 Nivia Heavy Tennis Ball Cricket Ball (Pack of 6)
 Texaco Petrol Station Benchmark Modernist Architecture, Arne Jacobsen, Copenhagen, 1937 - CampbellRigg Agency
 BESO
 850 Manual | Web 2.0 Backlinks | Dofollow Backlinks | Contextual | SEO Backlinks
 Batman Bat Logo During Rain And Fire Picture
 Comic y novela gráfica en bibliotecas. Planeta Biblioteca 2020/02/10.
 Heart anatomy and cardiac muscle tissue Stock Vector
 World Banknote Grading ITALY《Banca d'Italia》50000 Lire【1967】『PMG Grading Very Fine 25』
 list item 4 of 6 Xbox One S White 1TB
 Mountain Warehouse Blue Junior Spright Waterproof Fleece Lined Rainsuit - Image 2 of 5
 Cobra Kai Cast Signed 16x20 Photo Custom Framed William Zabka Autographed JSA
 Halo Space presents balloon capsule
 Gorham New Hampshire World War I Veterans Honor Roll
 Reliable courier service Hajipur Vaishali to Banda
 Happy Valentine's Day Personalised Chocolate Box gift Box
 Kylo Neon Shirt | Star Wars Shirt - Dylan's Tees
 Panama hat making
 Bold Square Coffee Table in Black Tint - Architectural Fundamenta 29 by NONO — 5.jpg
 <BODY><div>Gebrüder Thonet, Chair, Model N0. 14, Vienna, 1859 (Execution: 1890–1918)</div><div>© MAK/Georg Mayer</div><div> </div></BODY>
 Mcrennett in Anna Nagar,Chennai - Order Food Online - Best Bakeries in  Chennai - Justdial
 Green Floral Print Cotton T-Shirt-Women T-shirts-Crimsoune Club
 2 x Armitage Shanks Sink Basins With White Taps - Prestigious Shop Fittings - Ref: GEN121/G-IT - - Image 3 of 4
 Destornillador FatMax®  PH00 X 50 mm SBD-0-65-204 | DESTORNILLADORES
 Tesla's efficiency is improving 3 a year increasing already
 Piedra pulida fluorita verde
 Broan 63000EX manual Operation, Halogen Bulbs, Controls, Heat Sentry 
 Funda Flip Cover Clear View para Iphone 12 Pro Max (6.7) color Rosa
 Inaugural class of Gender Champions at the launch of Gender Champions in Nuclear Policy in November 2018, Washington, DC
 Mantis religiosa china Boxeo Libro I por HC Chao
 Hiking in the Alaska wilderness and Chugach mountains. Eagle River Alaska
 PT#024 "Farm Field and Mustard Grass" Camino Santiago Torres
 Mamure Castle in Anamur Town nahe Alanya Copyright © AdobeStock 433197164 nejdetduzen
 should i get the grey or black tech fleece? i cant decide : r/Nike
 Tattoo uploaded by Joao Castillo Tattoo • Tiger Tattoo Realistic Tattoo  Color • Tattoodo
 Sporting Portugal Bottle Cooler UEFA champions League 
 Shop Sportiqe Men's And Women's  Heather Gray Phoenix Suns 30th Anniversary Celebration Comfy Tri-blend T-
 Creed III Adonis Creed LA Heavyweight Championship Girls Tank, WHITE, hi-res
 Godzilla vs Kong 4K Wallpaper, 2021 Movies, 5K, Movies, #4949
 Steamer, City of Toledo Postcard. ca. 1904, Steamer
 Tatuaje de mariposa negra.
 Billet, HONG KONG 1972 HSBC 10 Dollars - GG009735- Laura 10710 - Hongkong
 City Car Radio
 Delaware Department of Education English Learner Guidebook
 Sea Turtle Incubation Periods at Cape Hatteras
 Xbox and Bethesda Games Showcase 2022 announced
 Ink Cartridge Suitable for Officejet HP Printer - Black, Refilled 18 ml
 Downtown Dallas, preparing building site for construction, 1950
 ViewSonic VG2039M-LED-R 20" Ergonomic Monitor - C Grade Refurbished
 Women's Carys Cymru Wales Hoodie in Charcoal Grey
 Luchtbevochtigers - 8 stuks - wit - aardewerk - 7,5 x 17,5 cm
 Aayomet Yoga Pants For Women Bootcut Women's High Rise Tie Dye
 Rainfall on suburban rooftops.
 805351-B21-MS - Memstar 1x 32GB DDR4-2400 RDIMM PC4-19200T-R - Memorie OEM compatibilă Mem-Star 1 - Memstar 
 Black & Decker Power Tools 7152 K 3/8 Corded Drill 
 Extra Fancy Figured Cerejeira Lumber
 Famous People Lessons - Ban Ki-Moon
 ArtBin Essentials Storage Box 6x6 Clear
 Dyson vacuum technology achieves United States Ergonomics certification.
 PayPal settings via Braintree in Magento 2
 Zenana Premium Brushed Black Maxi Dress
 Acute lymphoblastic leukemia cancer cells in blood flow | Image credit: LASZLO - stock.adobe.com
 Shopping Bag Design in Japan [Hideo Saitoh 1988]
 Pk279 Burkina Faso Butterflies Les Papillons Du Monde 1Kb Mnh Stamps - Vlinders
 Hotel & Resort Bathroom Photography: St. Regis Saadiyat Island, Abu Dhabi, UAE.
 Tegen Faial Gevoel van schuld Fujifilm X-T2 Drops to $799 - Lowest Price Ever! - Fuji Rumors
:::
# [Work order]
Please return only the lines from the one with "Zenana Premium Brushed Black Maxi Dress" through the end of the listing, each exactly as written, first and last included.

# [Written answer]
 Zenana Premium Brushed Black Maxi Dress
 Acute lymphoblastic leukemia cancer cells in blood flow | Image credit: LASZLO - stock.adobe.com
 Shopping Bag Design in Japan [Hideo Saitoh 1988]
 Pk279 Burkina Faso Butterflies Les Papillons Du Monde 1Kb Mnh Stamps - Vlinders
 Hotel & Resort Bathroom Photography: St. Regis Saadiyat Island, Abu Dhabi, UAE.
 Tegen Faial Gevoel van schuld Fujifilm X-T2 Drops to $799 - Lowest Price Ever! - Fuji Rumors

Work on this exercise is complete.